**MATERIAL FOR THIS EXERCISE**
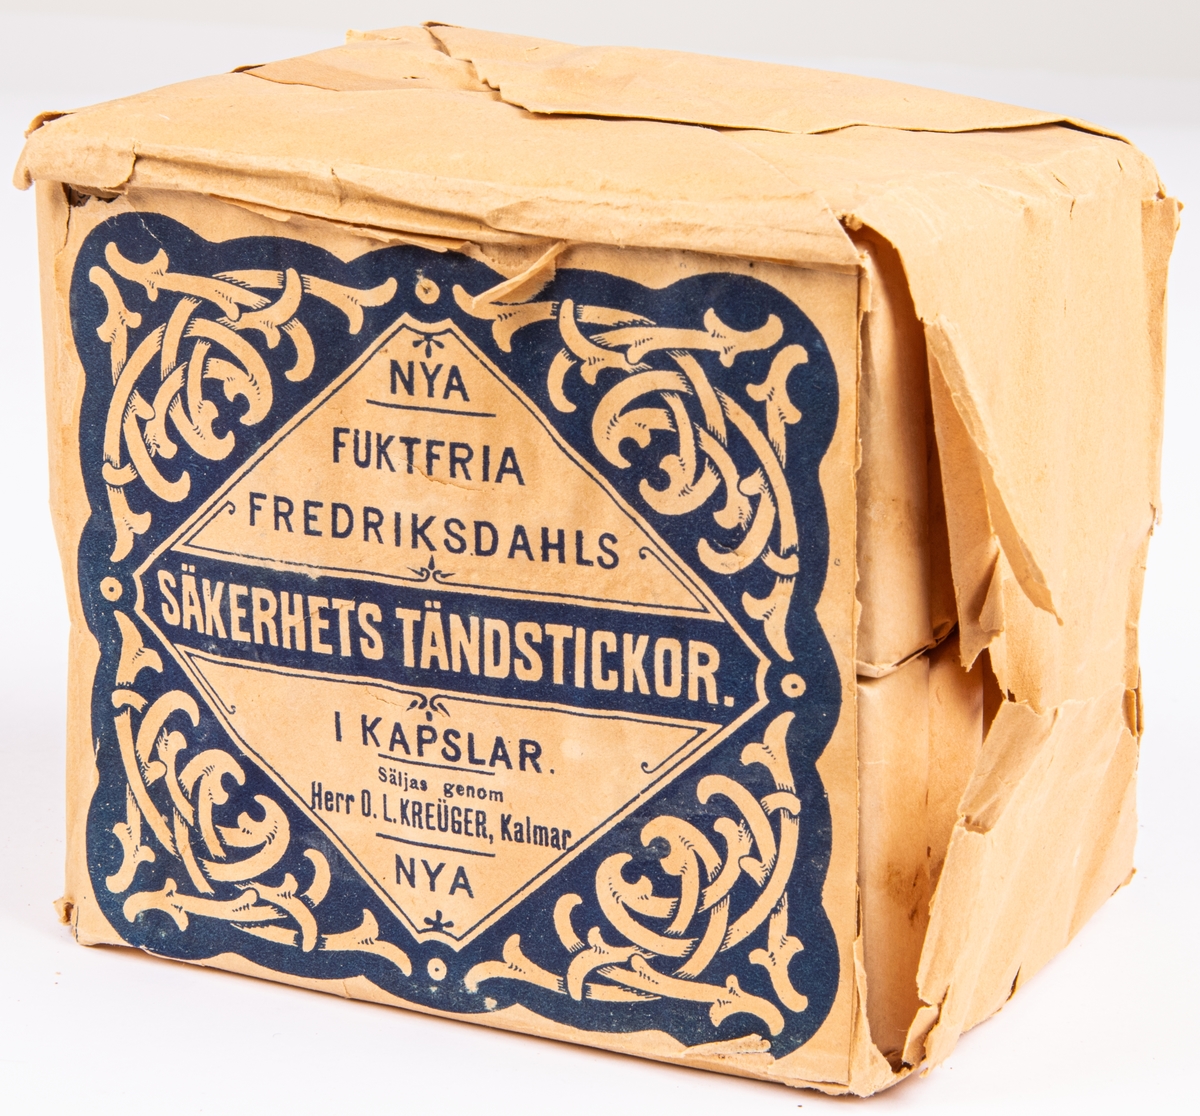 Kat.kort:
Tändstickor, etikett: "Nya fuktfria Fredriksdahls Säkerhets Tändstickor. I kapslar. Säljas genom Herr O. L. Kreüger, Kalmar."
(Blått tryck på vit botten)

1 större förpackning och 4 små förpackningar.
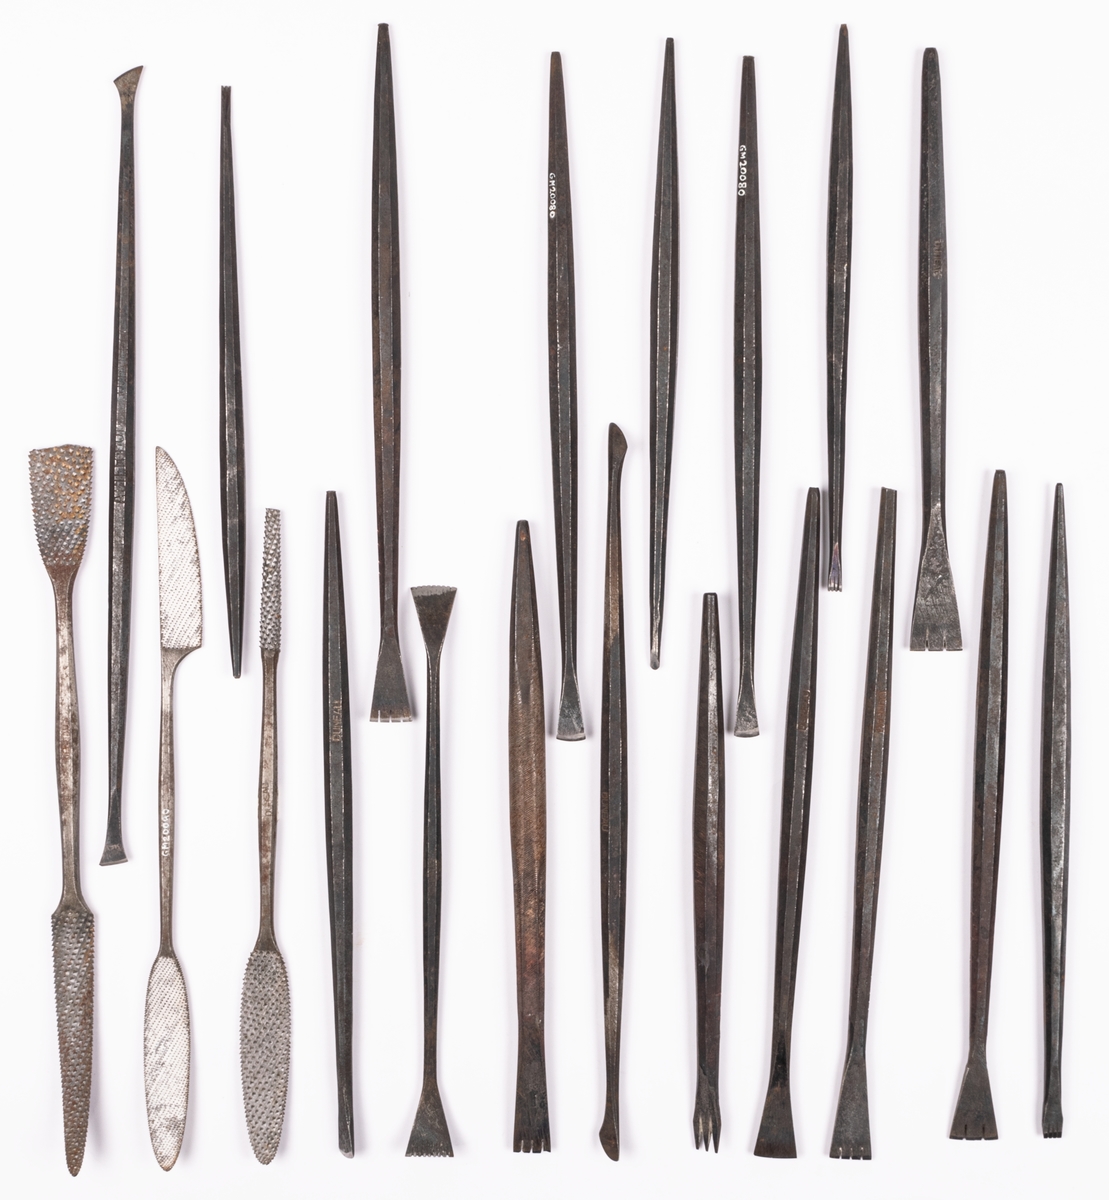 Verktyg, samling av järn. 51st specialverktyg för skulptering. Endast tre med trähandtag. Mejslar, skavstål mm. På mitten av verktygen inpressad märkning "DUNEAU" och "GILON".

---

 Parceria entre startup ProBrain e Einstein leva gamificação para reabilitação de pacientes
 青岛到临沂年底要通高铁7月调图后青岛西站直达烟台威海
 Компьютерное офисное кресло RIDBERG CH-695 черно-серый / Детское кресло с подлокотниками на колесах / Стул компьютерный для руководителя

* * *

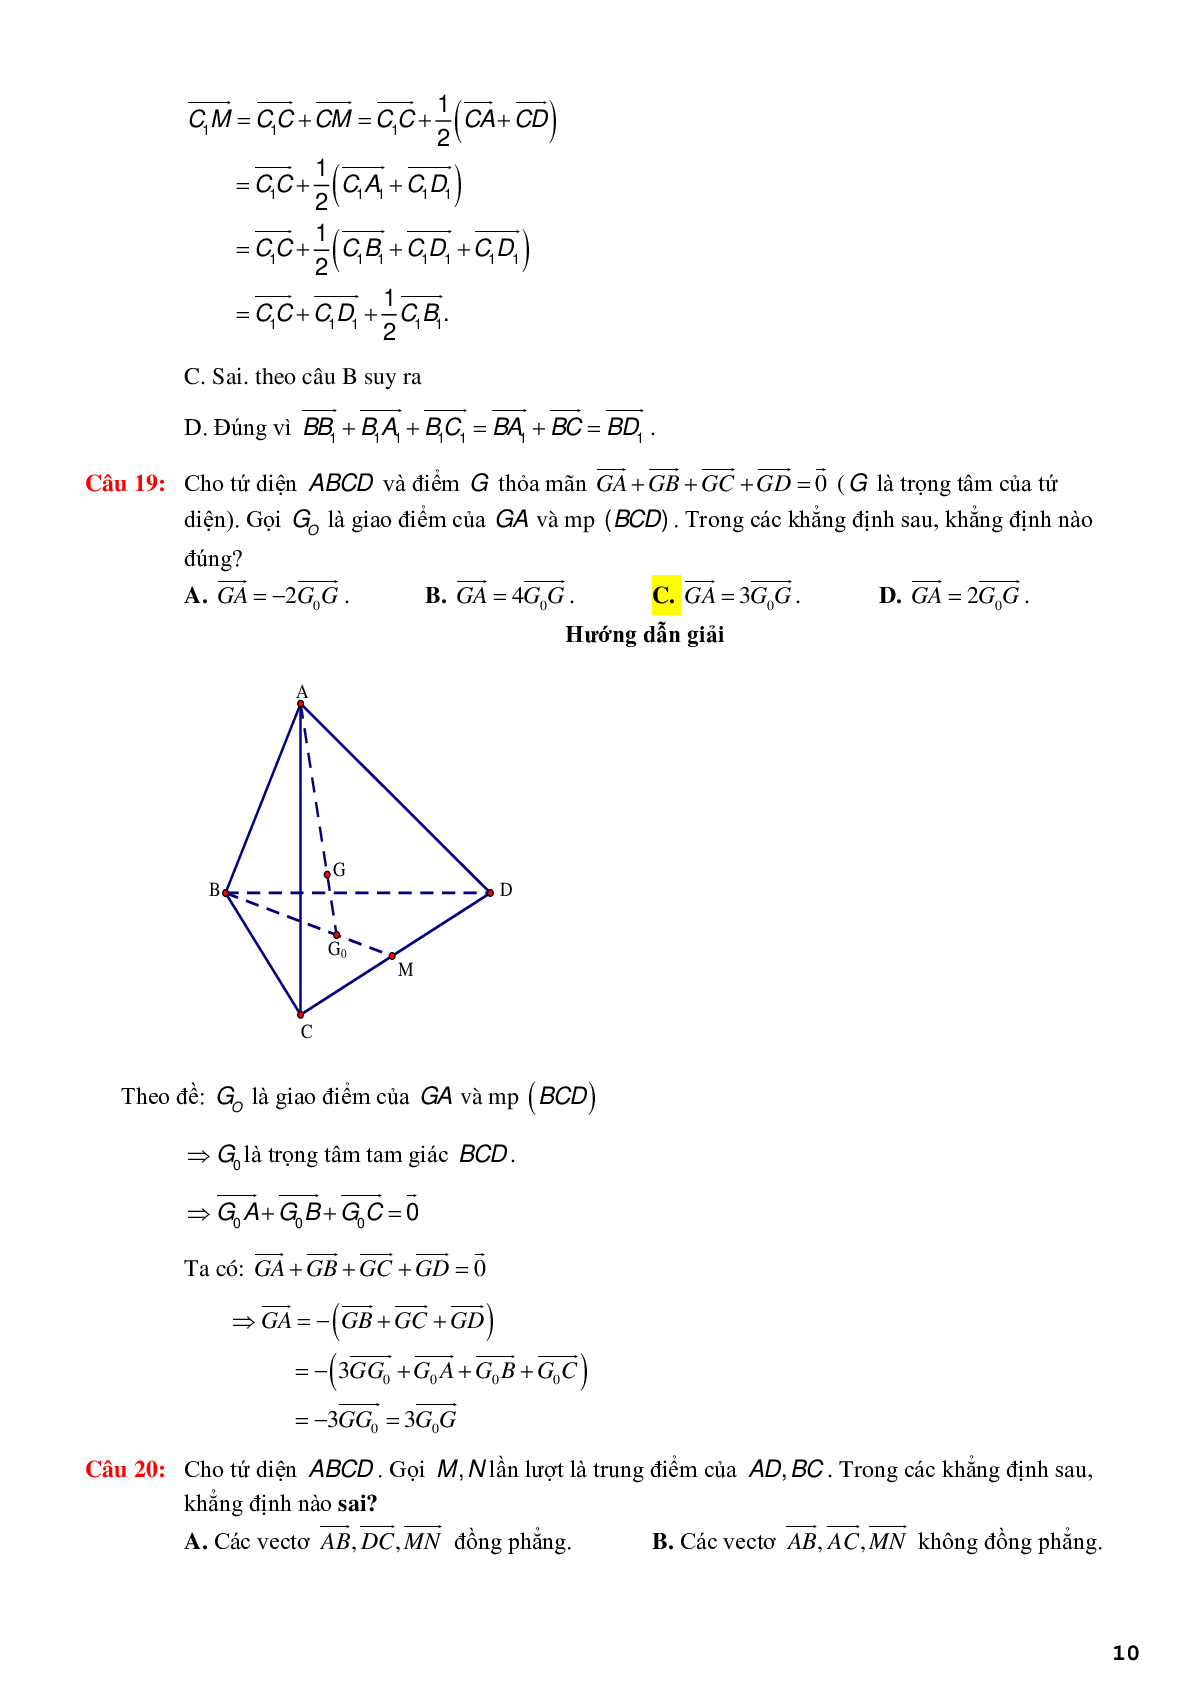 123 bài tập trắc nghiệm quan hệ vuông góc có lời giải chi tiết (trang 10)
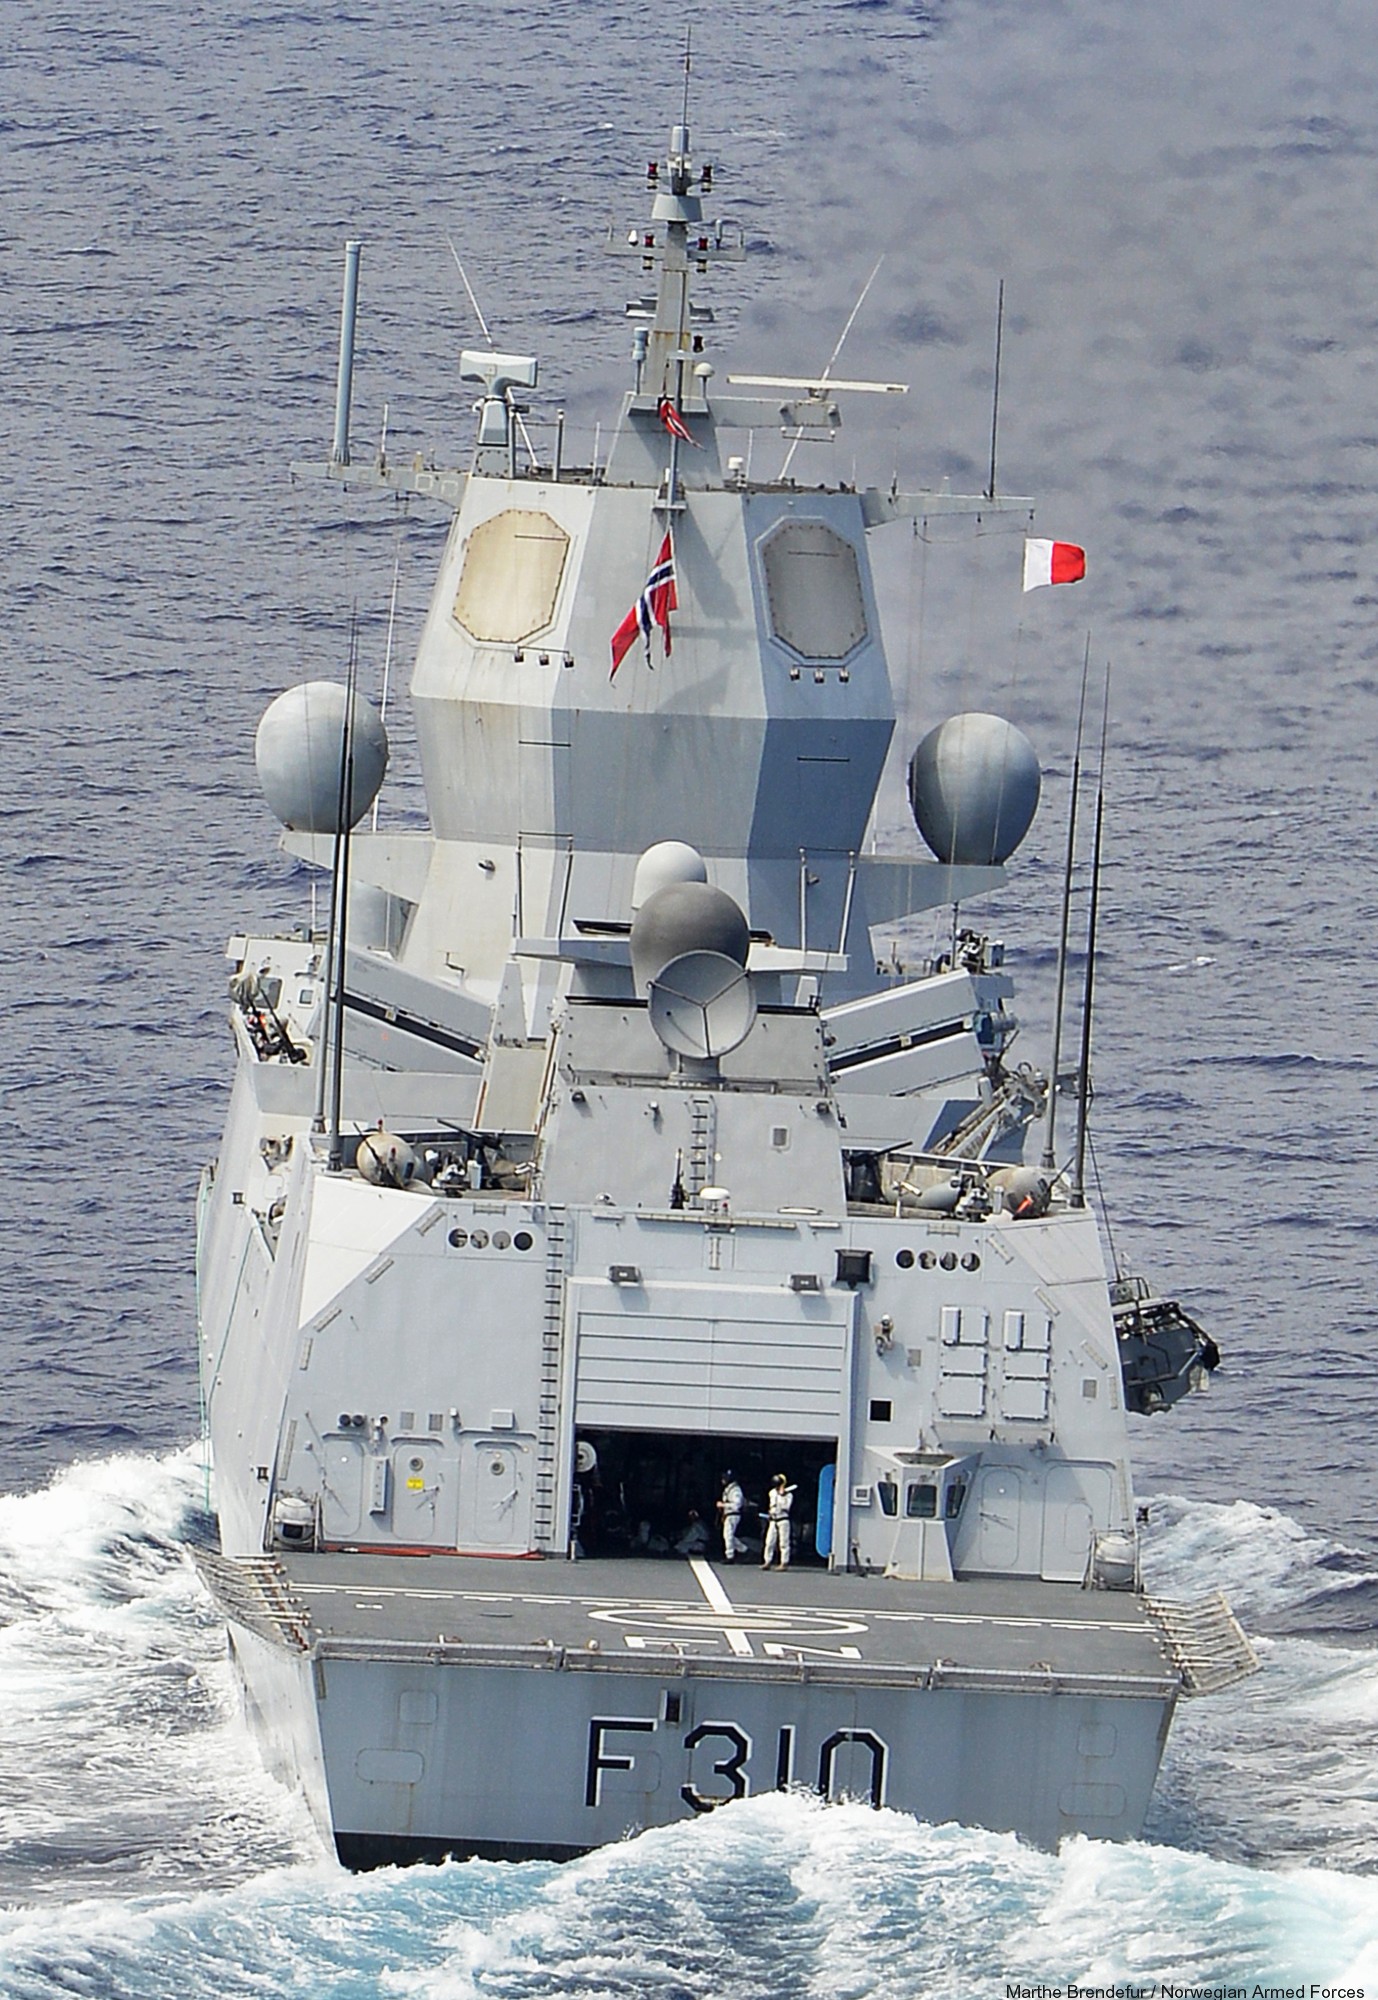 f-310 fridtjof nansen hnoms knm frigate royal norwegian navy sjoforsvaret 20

**TO DO**
Out of the listing above, reproduce exactly the lines from the one with "Parceria entre startup" up to and including the one with "Компьютерное офисное кресло".

**RESPONSE TO THIS TASK**
 Parceria entre startup ProBrain e Einstein leva gamificação para reabilitação de pacientes
 青岛到临沂年底要通高铁7月调图后青岛西站直达烟台威海
 Компьютерное офисное кресло RIDBERG CH-695 черно-серый / Детское кресло с подлокотниками на колесах / Стул компьютерный для руководителя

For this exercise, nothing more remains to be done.